Nominal Biclustering supports FRP, FCRP, ScoreField, and RRV (but not FCBR):

```{r bic-nom-plots, eval=FALSE}
plot(result.B.nom, type = "FRP", nc = 2, nr = 2)
plot(result.B.nom, type = "FCRP", nc = 2, nr = 2)
plot(result.B.nom, type = "FCRP", style = "bar", nc = 2, nr = 2)
plot(result.B.nom, type = "ScoreField")
plot(result.B.nom, type = "RRV")
```

### Rated Data (Multiple-Choice with Correct Answers)

Rated data has both multiple response categories and correct answers. `Biclustering.rated()` internally runs nominal Biclustering, then sorts classes by correct response rate:

```{r bic-rated, eval=FALSE}
result.B.rated <- Biclustering(J21S300, ncls = 5, nfld = 3, method = "R", maxiter = 300)
result.B.rated
plot(result.B.rated, type = "Array")
plot(result.B.rated, type = "FRP", nc = 3, nr = 1)
```

Two layers of fit indices are reported: binary (with CFI/RMSEA) and nominal (AIC/BIC/CAIC only). Access them via `result$TestFitIndices` and `result$TestFitIndices_nominal`.

### Rated IRM

The IRM also supports rated data:

```{r irm-rated, eval=FALSE}
result.IRM.rated <- Biclustering_IRM(J21S300, gamma_c = 1, gamma_f = 1, verbose = TRUE)
plot(result.IRM.rated, type = "Array")
plot(result.IRM.rated, type = "FRP", nc = 3, nr = 1)
```

## Distractor Analysis

`DistractorAnalysis()` examines how examinees in each rank/class respond to each item's categories.
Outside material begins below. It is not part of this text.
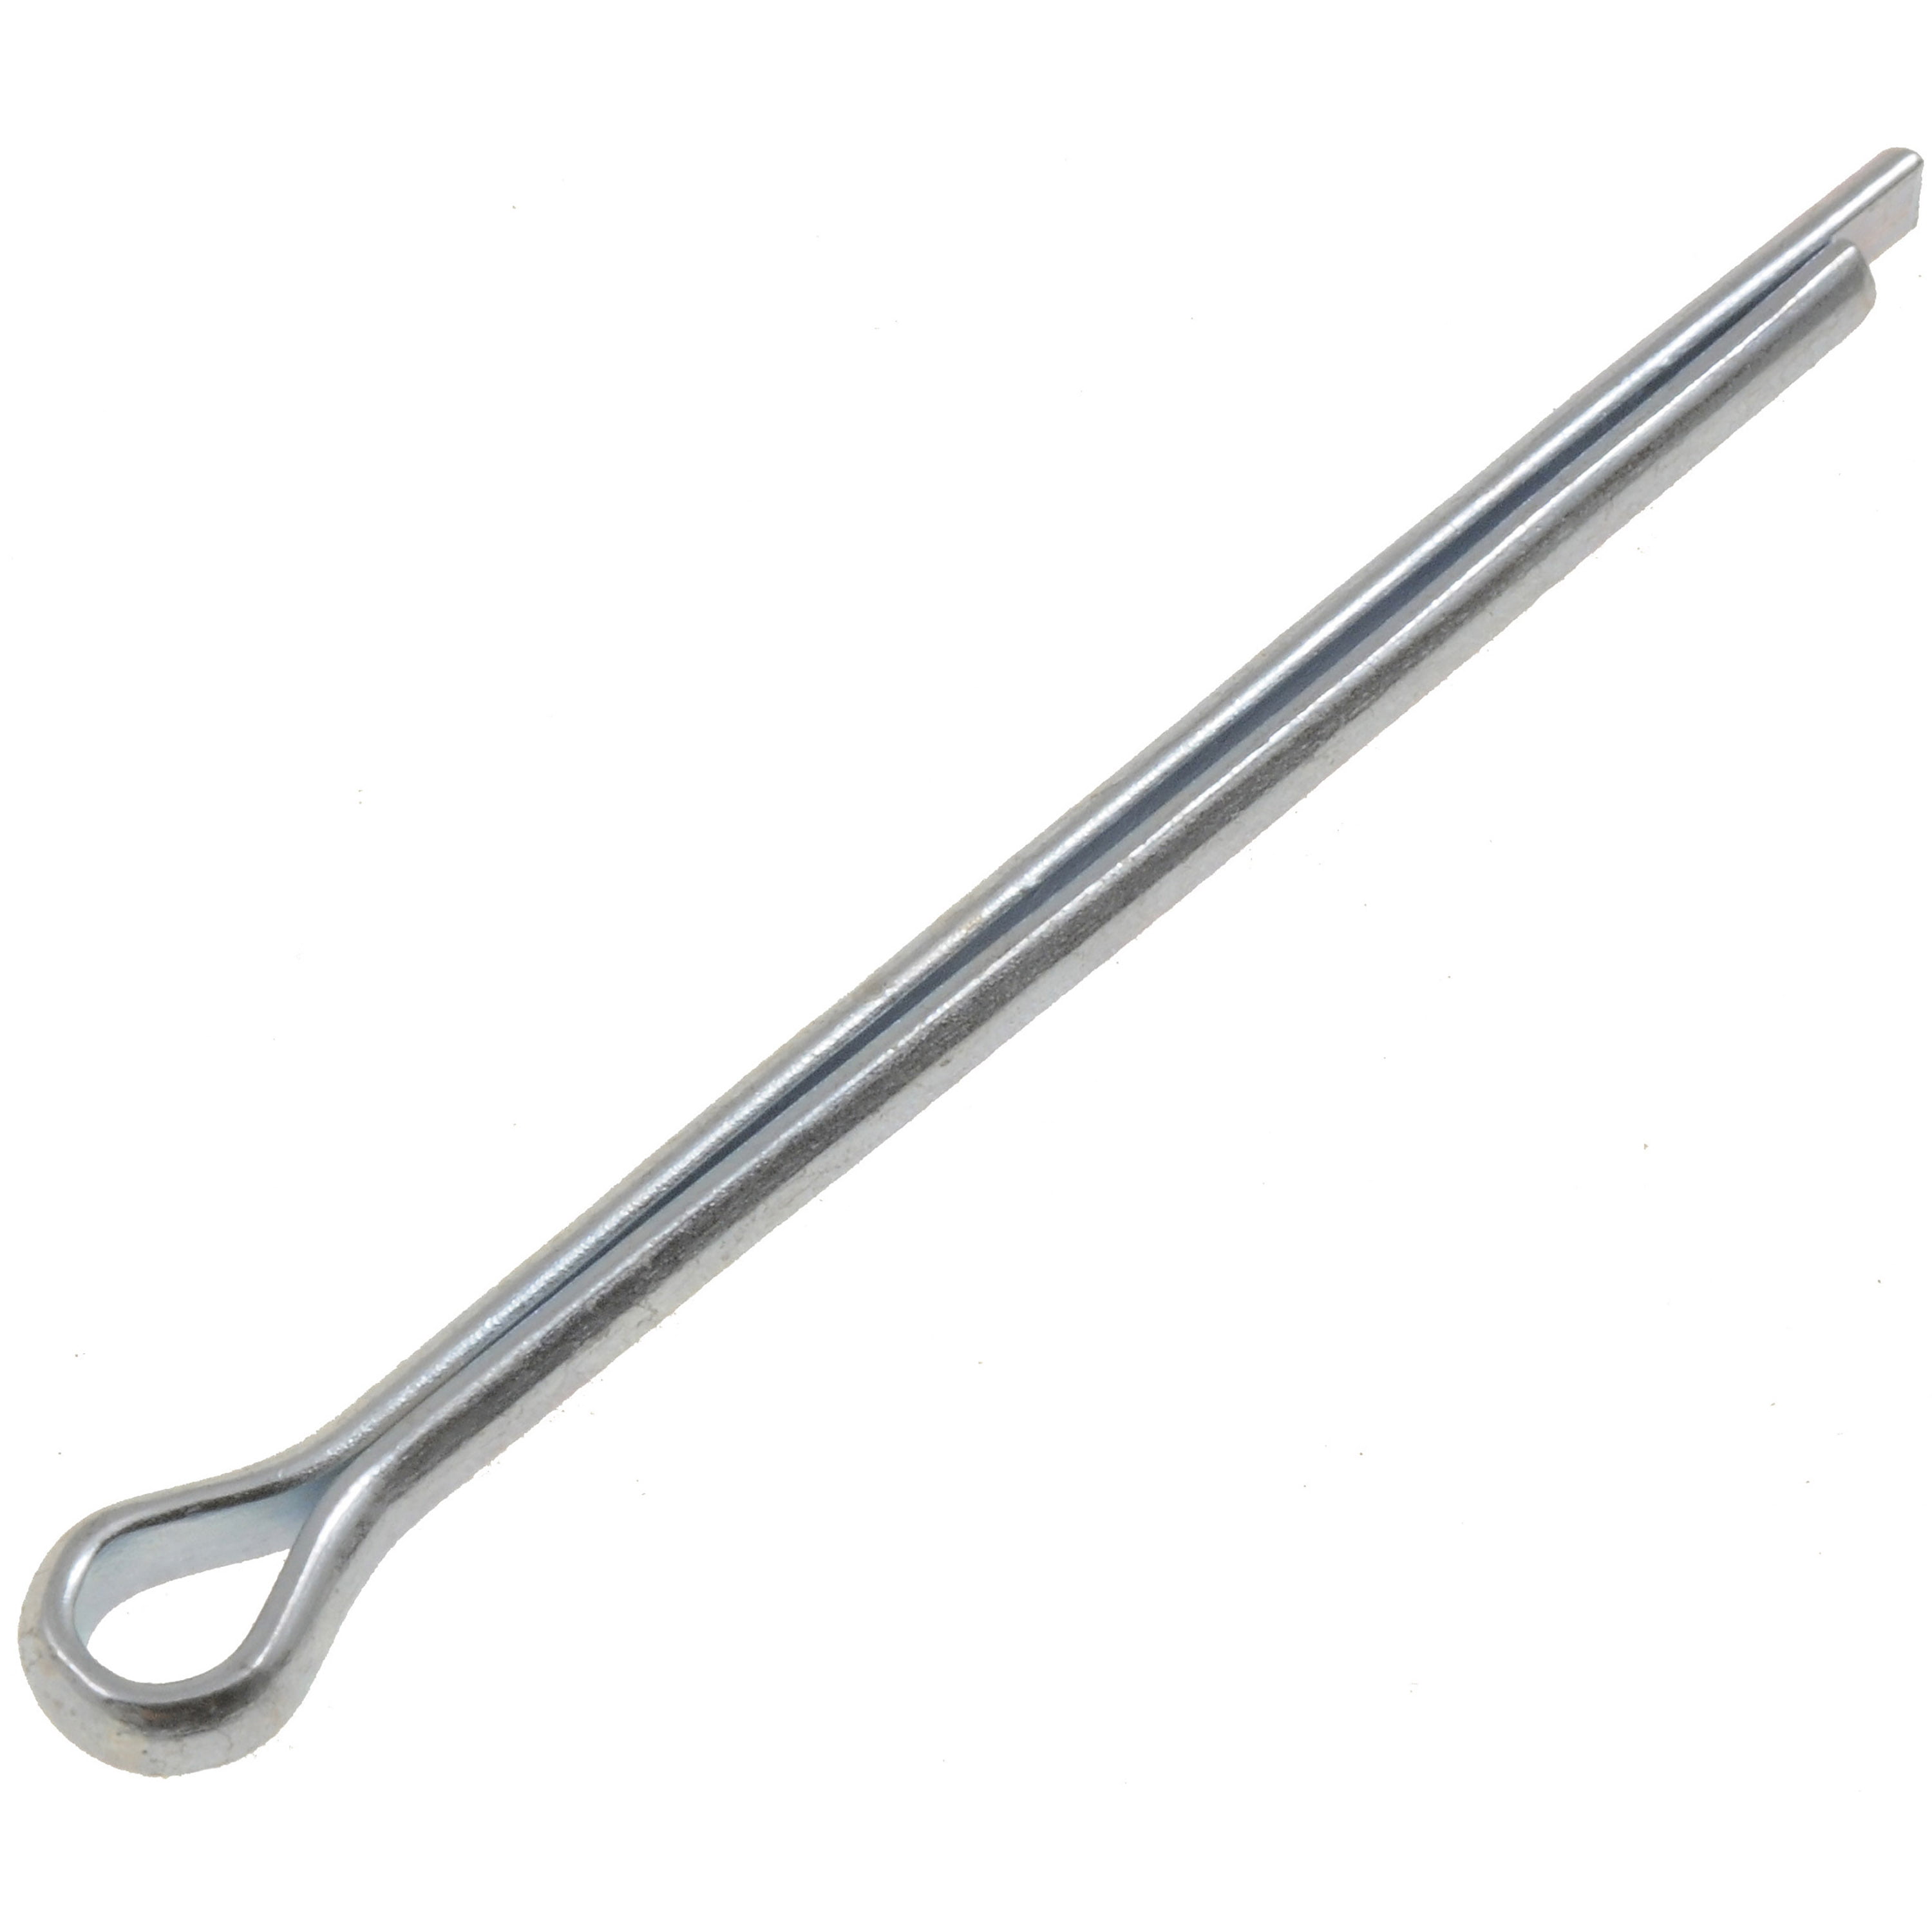 Zinc Plated Wholesale Available Select Your Quantity 1/8" x 2" Cotter Pin

It computes observed frequencies, proportions, chi-square statistics, p-values, and Cramer's V (effect size) for each item-by-rank cell.

```{r distractor, eval=FALSE}
result.B.rated <- Biclustering(J21S300, ncls = 5, nfld = 3, method = "R", maxiter = 300)
da <- DistractorAnalysis(result.B.rated)

# Full output (grouped by field for Biclustering)
print(da)

# Filter by items and/or ranks
print(da, items = 1:7, ranks = c(1, 5))

# Plot distractor bar charts
plot(da, items = 1:6, nc = 3, nr = 2)
```

`DistractorAnalysis()` also works with `LRA()` results for rated data:

```{r distractor-lra, eval=FALSE}
result.LRA.rated <- LRA(J21S300, nrank = 5, mic = TRUE)
da_lra <- DistractorAnalysis(result.LRA.rated)
print(da_lra, items = 1:3)
plot(da_lra, items = 1:6, nc = 3, nr = 2)
```

## Reference

Shojima, K. (2022). *Test Data Engineering*. Springer.